Josh Miramant, CEO of data science company Blue Orange in New York City, uses compliance as an example. Global organizations do business in a regulatory environment that has multiple compliance agencies across the world and non-standardized documents in different languages.
“To scale out a human team and unify across multiple compliance agencies, the task becomes untenable because of the breadth and the size of documentation,” says Miramant, whose company focuses on improving business operations through machine learning and NLP.
The technology, however, is not without challenges.
It’s hard for humans to teach a machine, says Sameer Maskey, CEO and founder of Fusemachines, a machine learning company that offers AI education programs, as well as talent and consulting, also headquartered in New York City.
“Language is hard, and we, as a research community, still don’t fully understand how to make machines understand language…Humans are able to generalize, understand ambiguities and construct utterances very well, but machines still have a hard time.”
—Sameer Maskey, CEO and founder, Fusemachines
“Language is hard, and we, as a research community, still don’t fully understand how to make machines understand language,” says Maskey, who also teaches courses about NLP at Columbia University.
Consider a child who learns how to speak a language in two to three years—a computer may have hundreds of years’ worth of data and still not be fluent or understand as much as a 3-year-old does.
“Humans are able to generalize, understand ambiguities and construct utterances very well, but machines still have a hard time,” Maskey explains.
Current and Future Adoption Across Industries
Fusemachines’ educational platform has an AI tutor that acts as a teacher’s assistant. As students learn AI, they teach the concepts back to the AI tutor, and the human student answers the AI tutor’s questions to demonstrate knowledge.
“It doesn’t replace the human teacher, but it would lead toward a point where AI can provide significant help to students to learn new topics,” Maskey says.
These kinds of examples—of AI enhancing rather than replacing human abilities—exist across many industries; for instance:
– Airlines are integrating NLP and other AI technologies into aircrafts’ predictive maintenance process. This shifts the focus of the technical maintenance team to validating data rather than aggregating and analyzing it.
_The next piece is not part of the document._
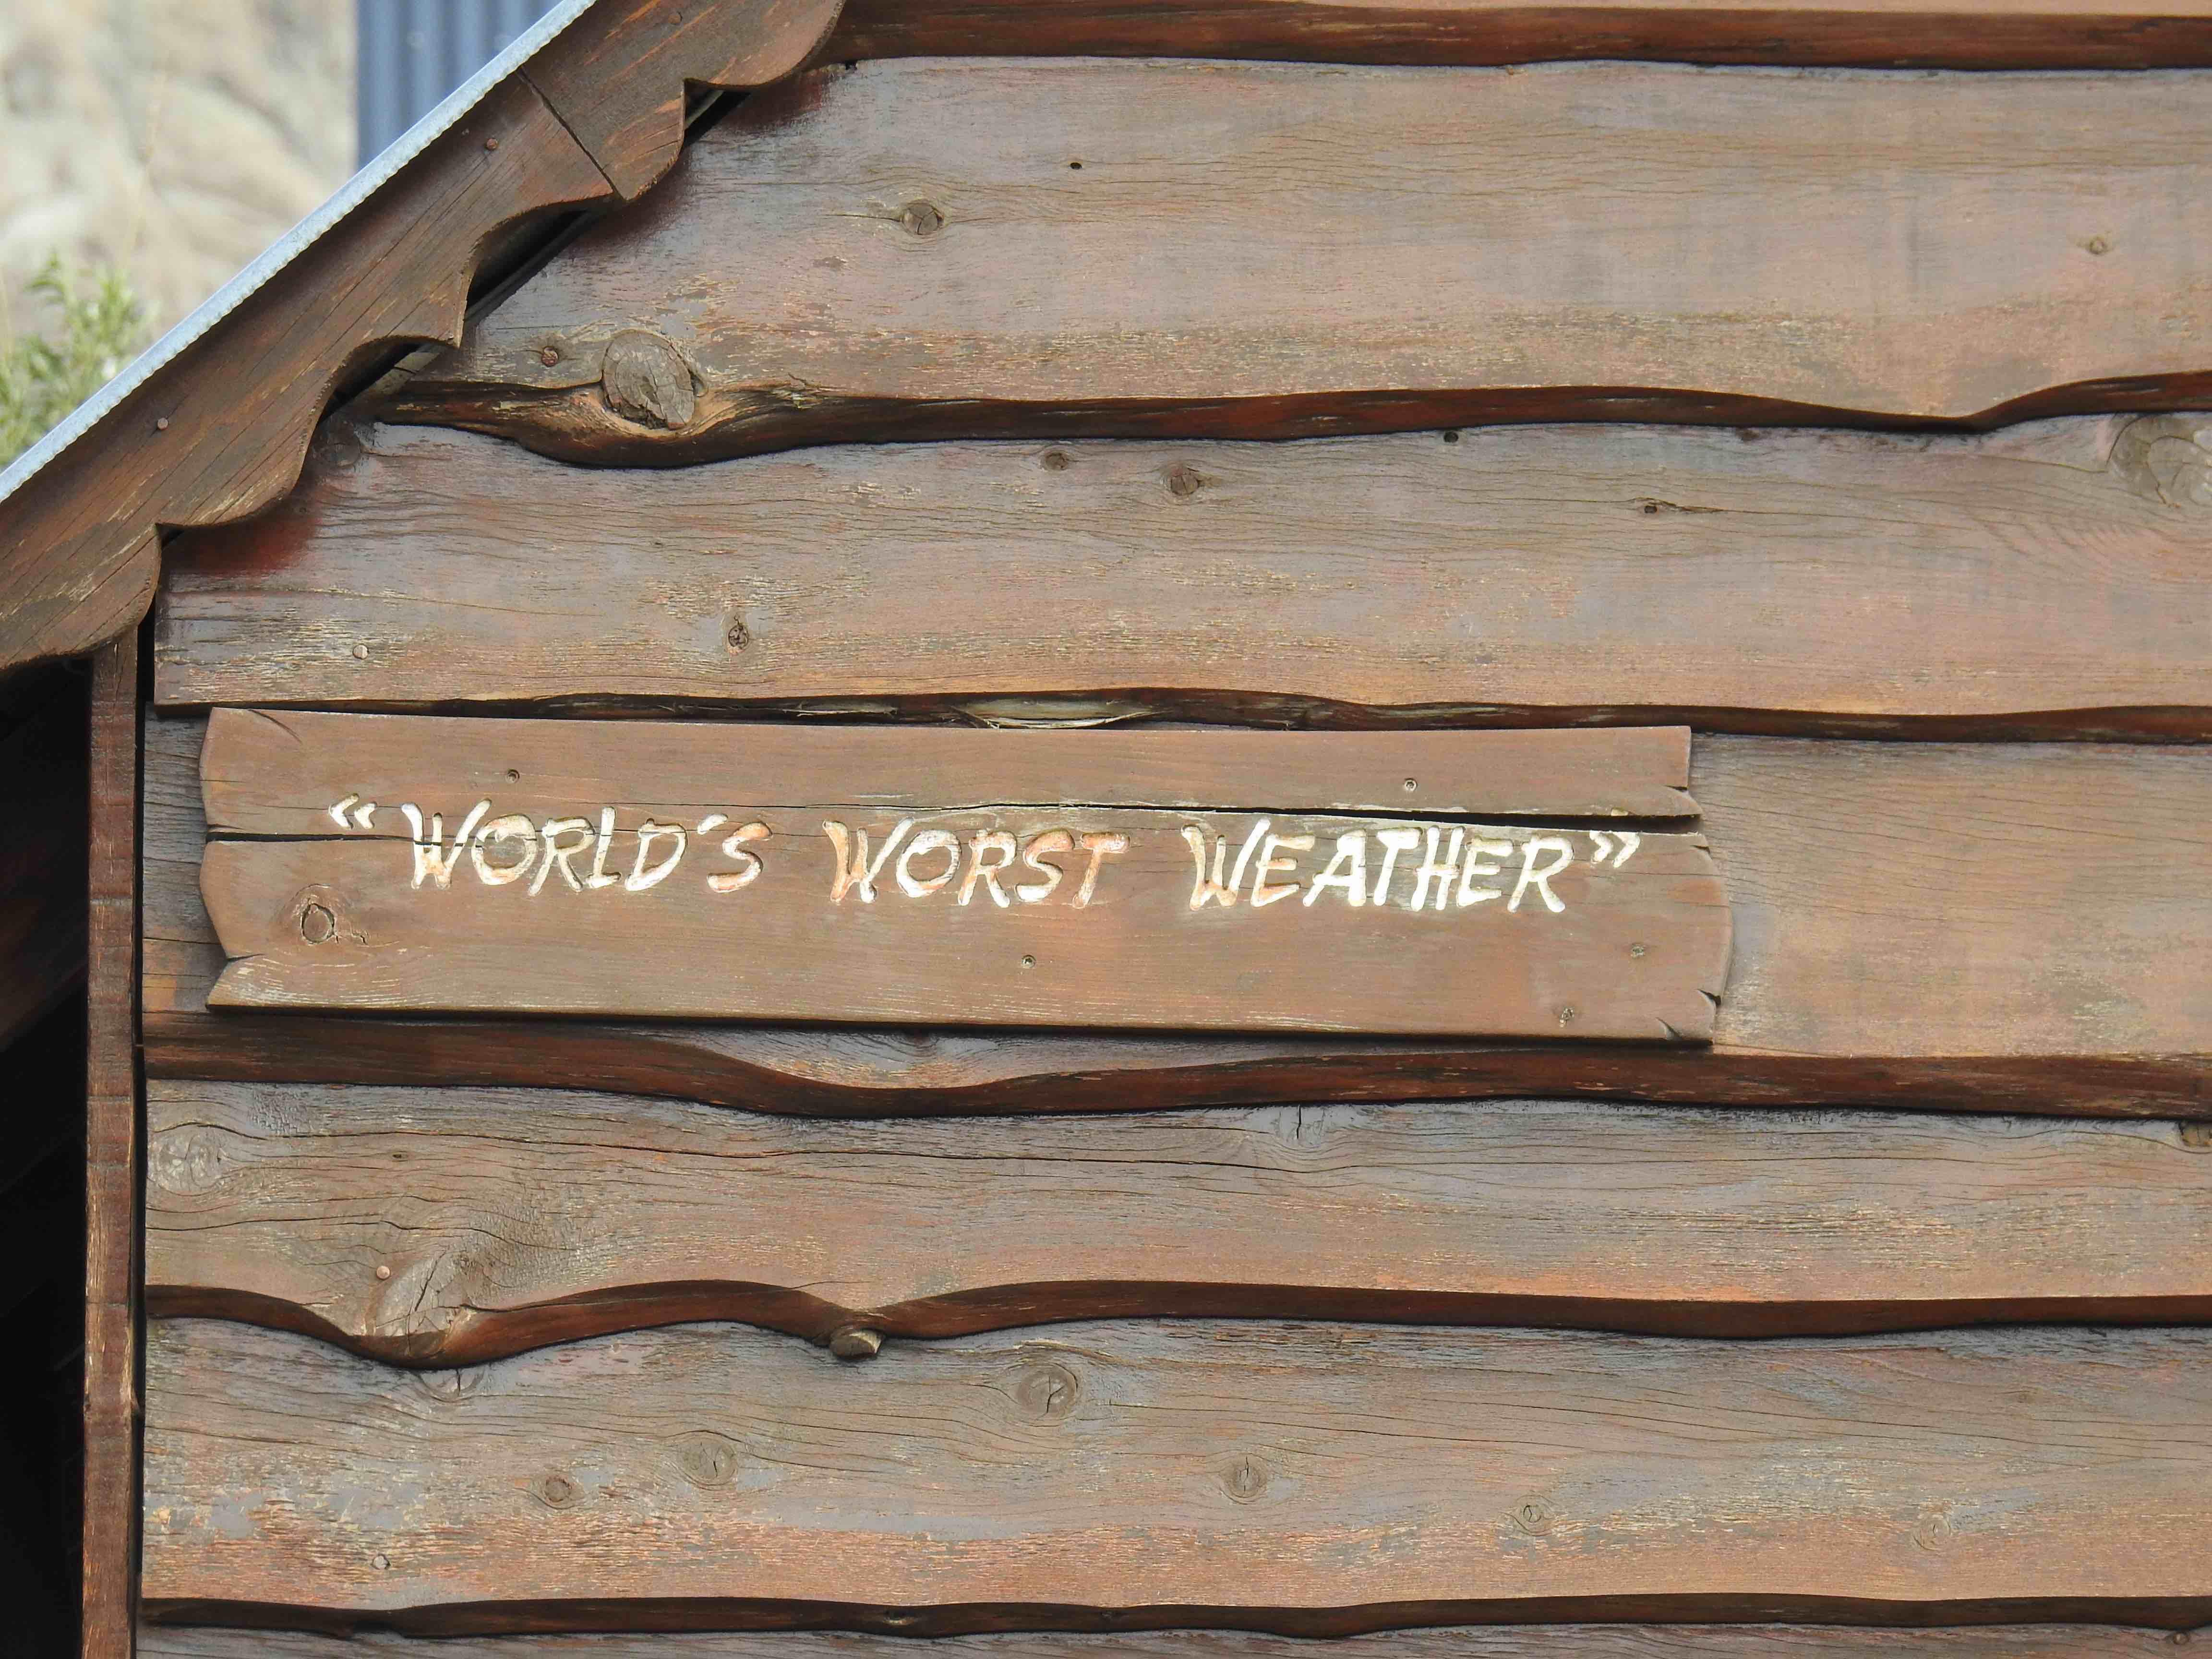 Worlds Worst Weather.jpg

– Mortality due to sepsis—a deadly infection that kills 270,000 Americans every year— increases up to 8 percent for every hour of delayed diagnostics. Healthcare researchers have found that NLP can improve early prediction of septic shock.
– Retailers are using NLP and text-mining to analyze customer sentiment in order to improve brand loyalty and optimize marketing and sales.
One particular concept Maskey is excited about is “analyst in a box,” which he believes could become a productive tool in the next five years. Businesses from many sectors use human analysts to conduct research and answer questions of interest to executives, but the research is time-intensive. NLP could be applied to scan through data, synthesize reports, and generate findings much faster, reducing the research time from weeks to hours.
“The concept of an analyst in a box could be quite useful and transformative for businesses,” Maskey says.
Miramant of Blue Orange is optimistic about a day when NLP helps remove linguistic barriers in society, and accurate and seamless translation makes the transfer of human knowledge more efficient and ubiquitous.
“We’re about to solve the communication problem with technology in the next few years,” he says. “Sharing of knowledge, [identifying] misunderstandings that are lost, [extracting] understanding from complex and large data sources in multiple languages—that’s what we are on the edge of.”